The Stone Roses - Garage Flower

THIRTY-THOUSAND sunburnt people in a field, loose-fit 26in flares, 'And God Created Manchester' T-shirts, Keith Mullen... it all seems so distant, barely as if it happened at all. But a long time ago, in a galaxy far, far away, The Stone Roses were the greatest, coolest thing to have ever walked the planet, four psychedelic street casuals capable of saving us from, ooh, everything from Pop Will Eat Itself to world recession.

But now, after this most anti-climactic of years (and for the Roses, that's saying something), the urge to go back in time and persuade John and Ian to split the band the day Reni packed up his sticks and salvage our memories forever is almost unbearable.

It is quite clear, then, that the very last thing we need right now is a mind-numbingly awful collection of ancient pre-Silvertone-period demos called 'Garage Flower'. But, oh Lordy, look out, because here it is!

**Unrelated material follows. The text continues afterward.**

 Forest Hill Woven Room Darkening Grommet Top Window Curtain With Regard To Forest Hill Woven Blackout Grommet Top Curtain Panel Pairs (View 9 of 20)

Bootleg-gruesome, totally unofficial (it's being distributed by Pinnacle, without the band's permission) 'Garage...' reeks so badly of a cheap cash-in it's hard to play it without flinging open the windows to escape the stench. At this time of the year, too. Still, all in the line of duty... What we get is the band in fully-blown, crystal-goth mode. Just as the Roses always managed to sound uncannily like the aural equivalent of how they looked at the height of their powers (loose-limbed, floppy-fringed, in control), so they do for 'Garage Flower'. Except this time they sound exactly like that dreadful picture of them which surfaces irregularly featuring Ian in a grisly Paisley shirt and slicked-back hair, and John looking like he's just walked out of a Cult video shoot.

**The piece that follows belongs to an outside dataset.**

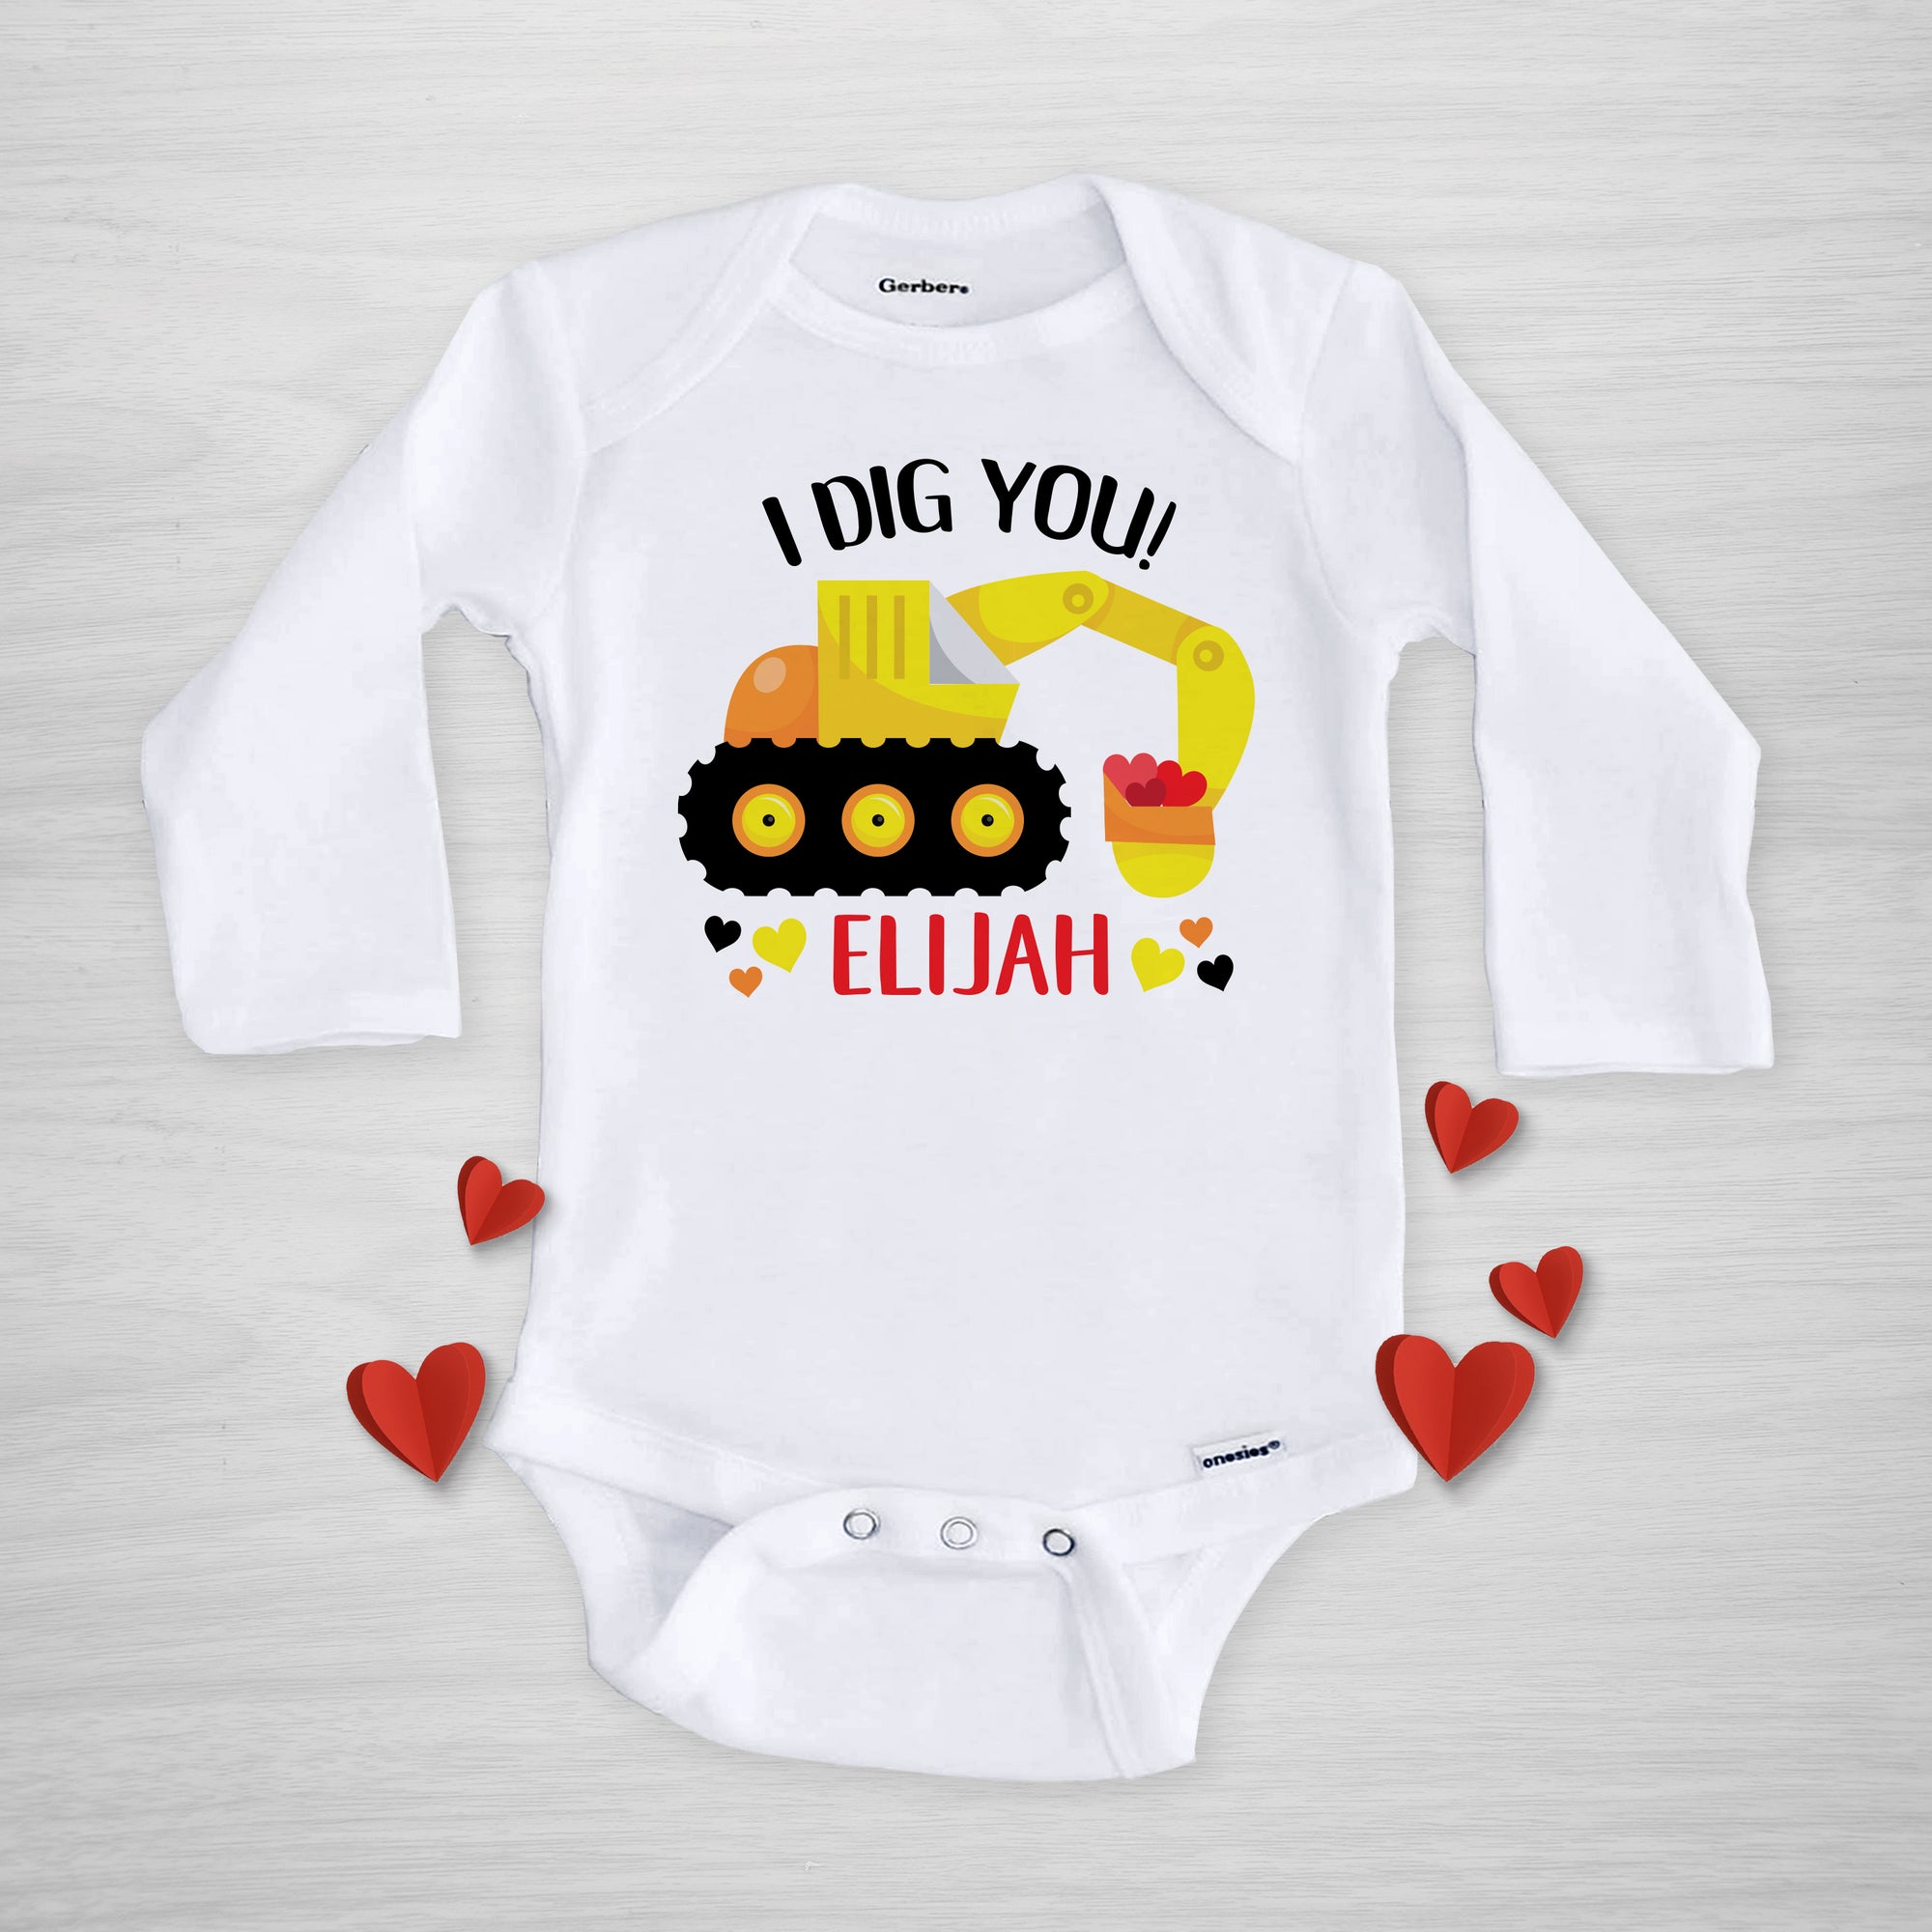 Valentine's Day Personalized Gerber Onesie, backhoe excavator "I dig you" personalized, long sleeve

Some context then. The year is 1986 and the Roses are slowly edging themselves toward the effortless glacial cool which eventually shaped their debut album and changed Mark Morriss' life forever. Indeed, for long spells 'Garage...' sounds far more like The Bluetones than it does the Roses themselves, thanks to Ian's devastatingly up-in-the-mix vocals, which appear to have been recorded at several light years' distance from the remainder of the tracks (which is handy, because John Squire's guitar needed an industrial warehouse on its own). Occasionally, however, it just sounds horrible. An opening 'Getting Plenty' and 'Here It Comes' - later to live again on 'Sally Cinnamon' - are downright painful, full of squalling neo-goth guitars and peculiar Adam & The Ants drums, and the probability of future world domination seems remote at best.

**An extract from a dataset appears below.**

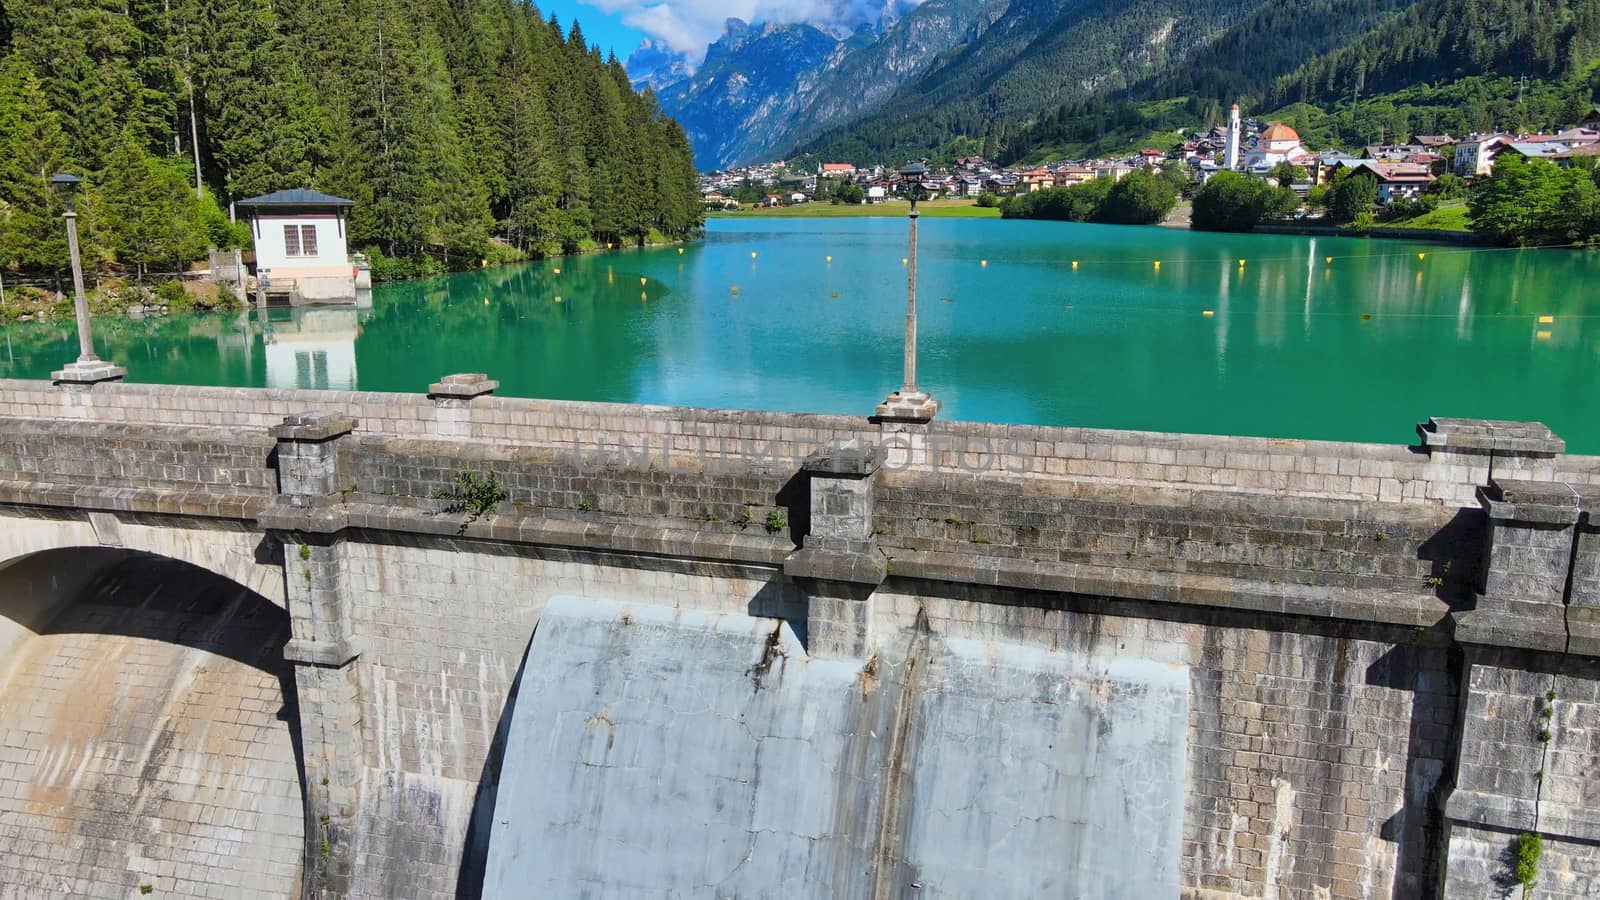 Alpin lake and dam in summertime, view from drone, Auronzo, italian dolomites.

So when the flash of genius comes, in that first rumble of 'I Wanna Be Adored' you're hardly even awake, let alone ready for it. There's still the ever-dire production to contend with, plus a malevolent Reni - this time he appears to be slamming a large door every four bars - but it still sounds magnificent, a sign that the band were learning, even then, to curb their sonic excesses in the quest for the epic tour de force which would, inevitably engulf them.

Elsewhere we get a still wet-behind-the-ears 'This Is The One', the beginnings of 'I Am The Resurrection' hidden away inside 'All I Want' and countless evidence of Ian Brown's way with both a megalomaniacal lyric (best example: when he bawls, "I love only me/I've got the answer to everything!" in 'Tell Me'), and his habit of falling woefully out of tune the longer he attempts to hold a note. Plus, in the ten seconds that is 'Haddock' - yup, you guessed it, a pointless backwards slice of guitar noodling - there's a hint of a future doing the same thing to entire songs and passing it off as art.

But really - to attribute any deeper significance whatsoever to 'Garage Flower' along the lines of it having an 'Anthology'-esque curio value would be to ignore the fact that, in the wake of the split, it's little, if anything, more than a cynical cash-in on the band's demise. And so cruelly timed too.

If you're still feeling a little fragile, you'd be best advised to avoid it altogether.